┏━━
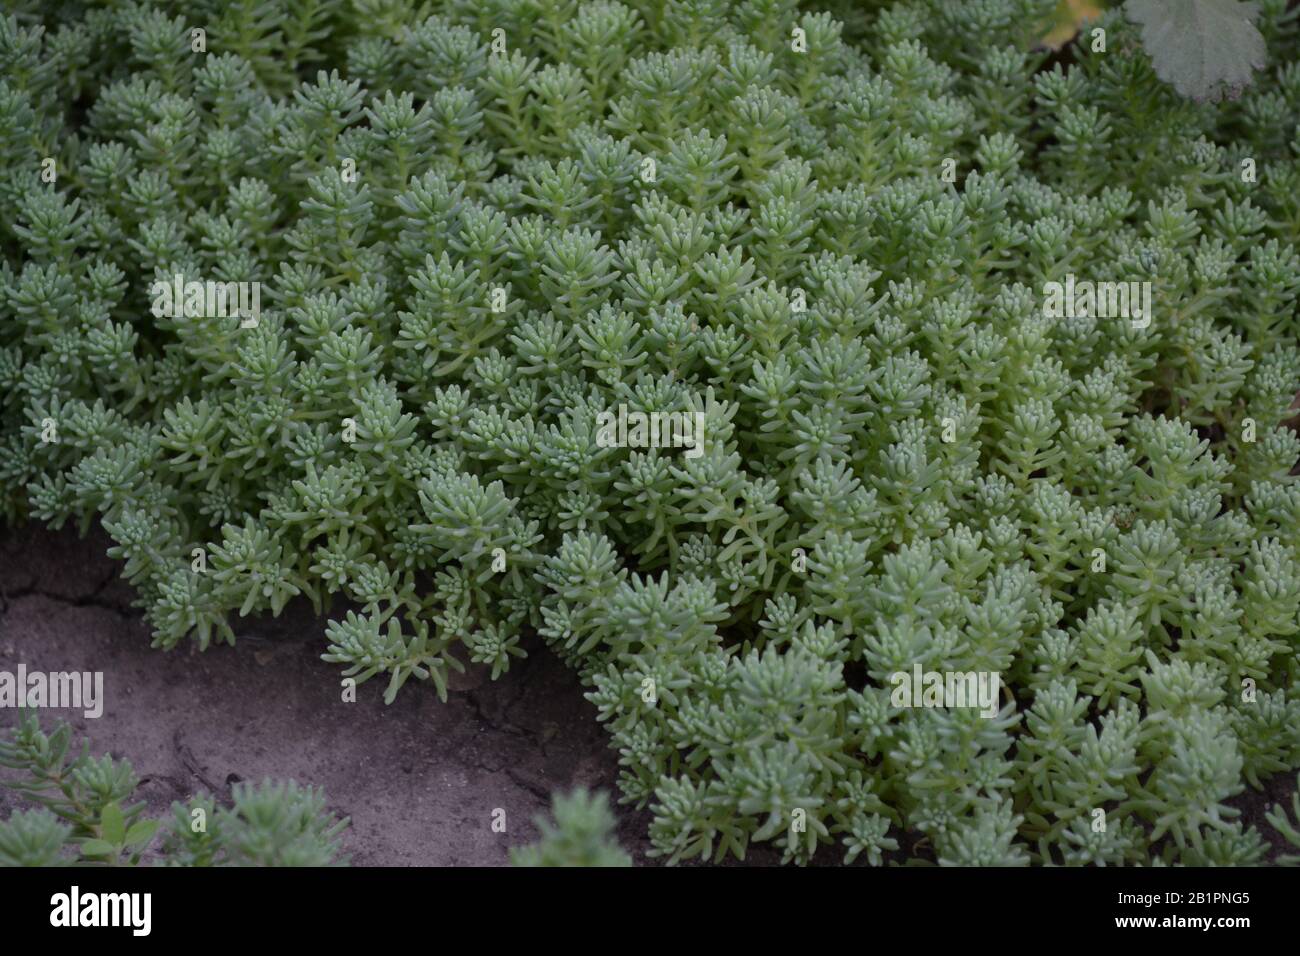 Stonecrop. Hare cabbage. Sedum. Green moss. Decorative grassy carpet. Green flower bed decoration. Garden beautiful. Horizontal Stock Photo
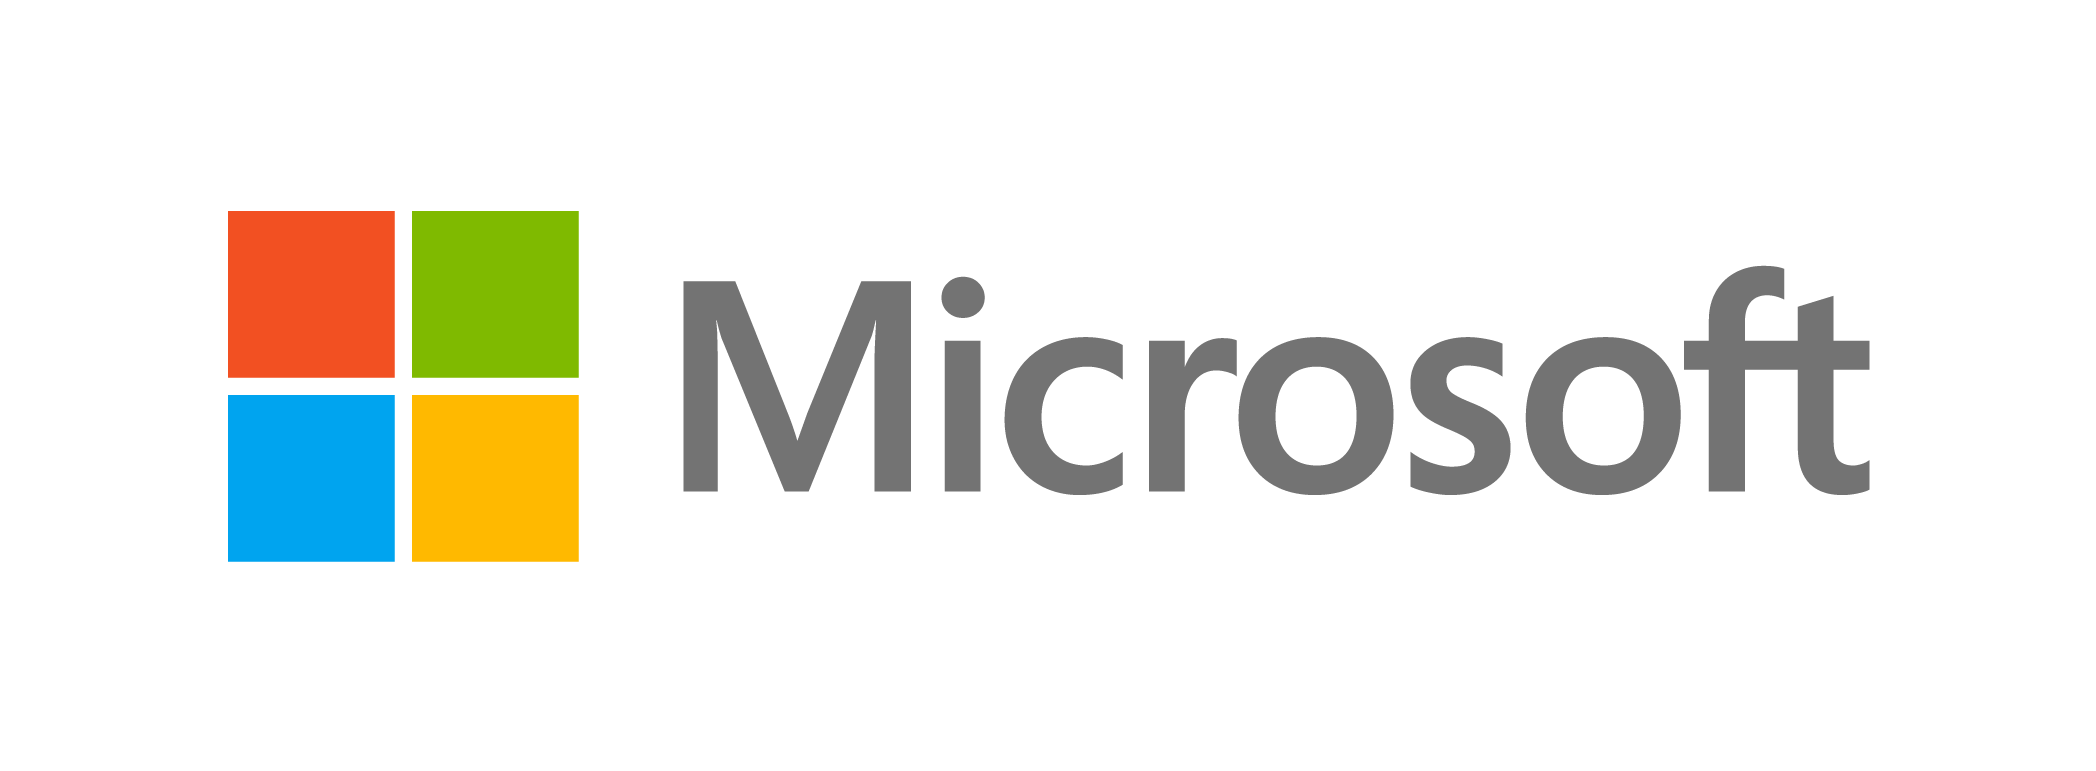 Microsoft 標誌的 Microsoft
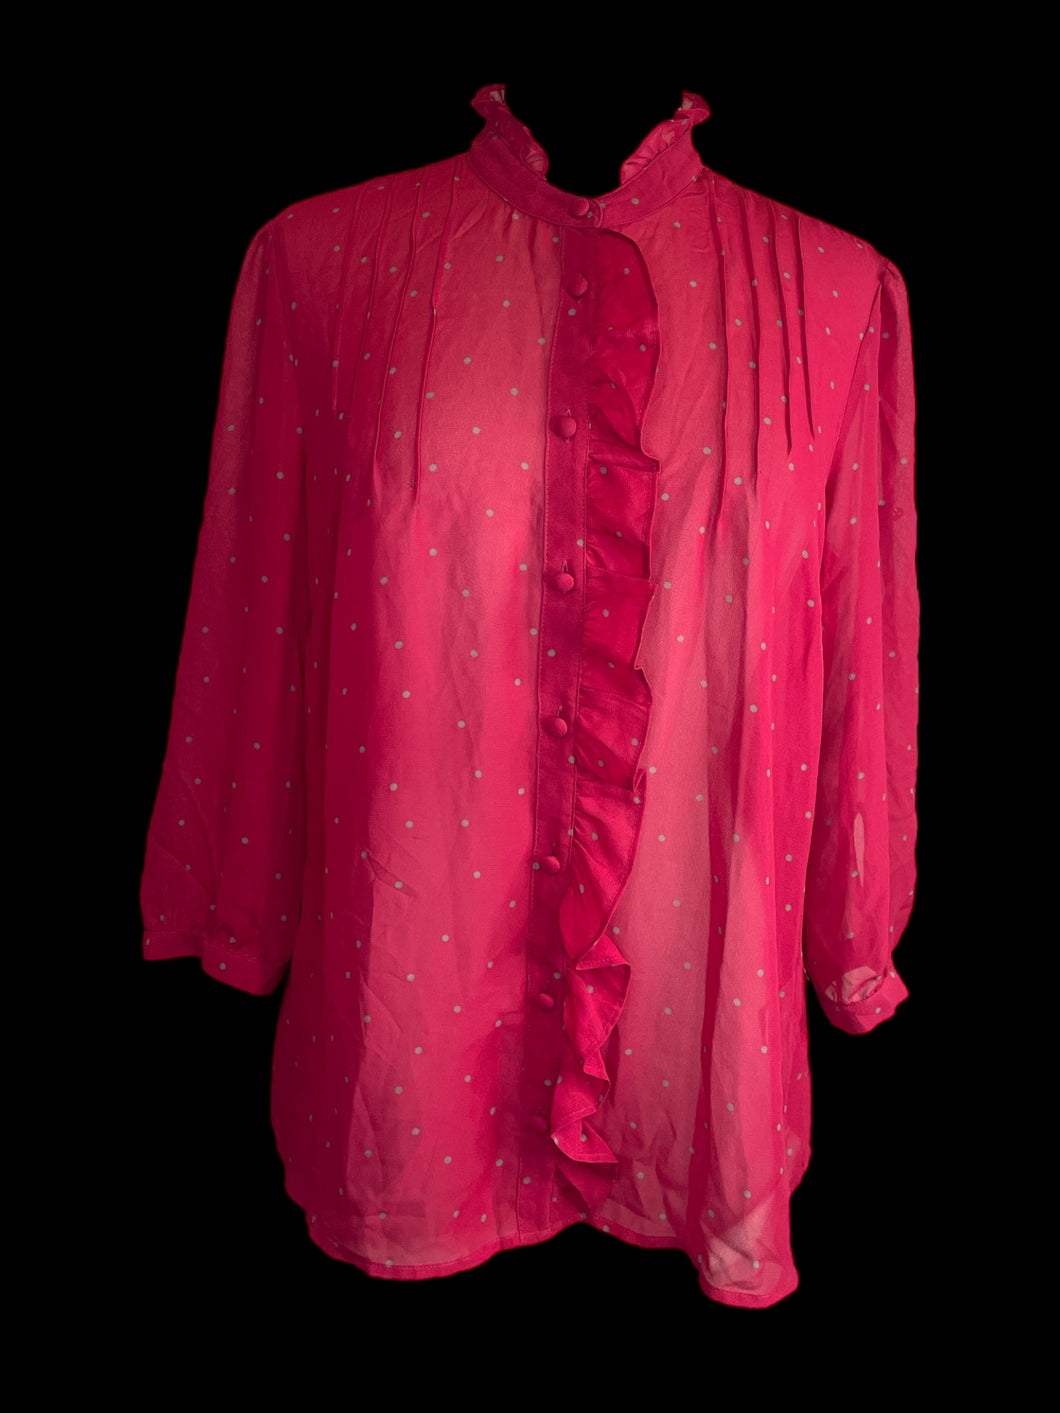 L Hot pink sheer button-up top w/ grey polka dot pattern, ruffle hem detail, pleated bust, & button cuffs
┗━━
__Task requirements__.
Could the data above be copied out exactly, with no pictures kept?

__Task output__.
 Stonecrop. Hare cabbage. Sedum. Green moss. Decorative grassy carpet. Green flower bed decoration. Garden beautiful. Horizontal Stock Photo
 Microsoft 標誌的 Microsoft
 L Hot pink sheer button-up top w/ grey polka dot pattern, ruffle hem detail, pleated bust, & button cuffs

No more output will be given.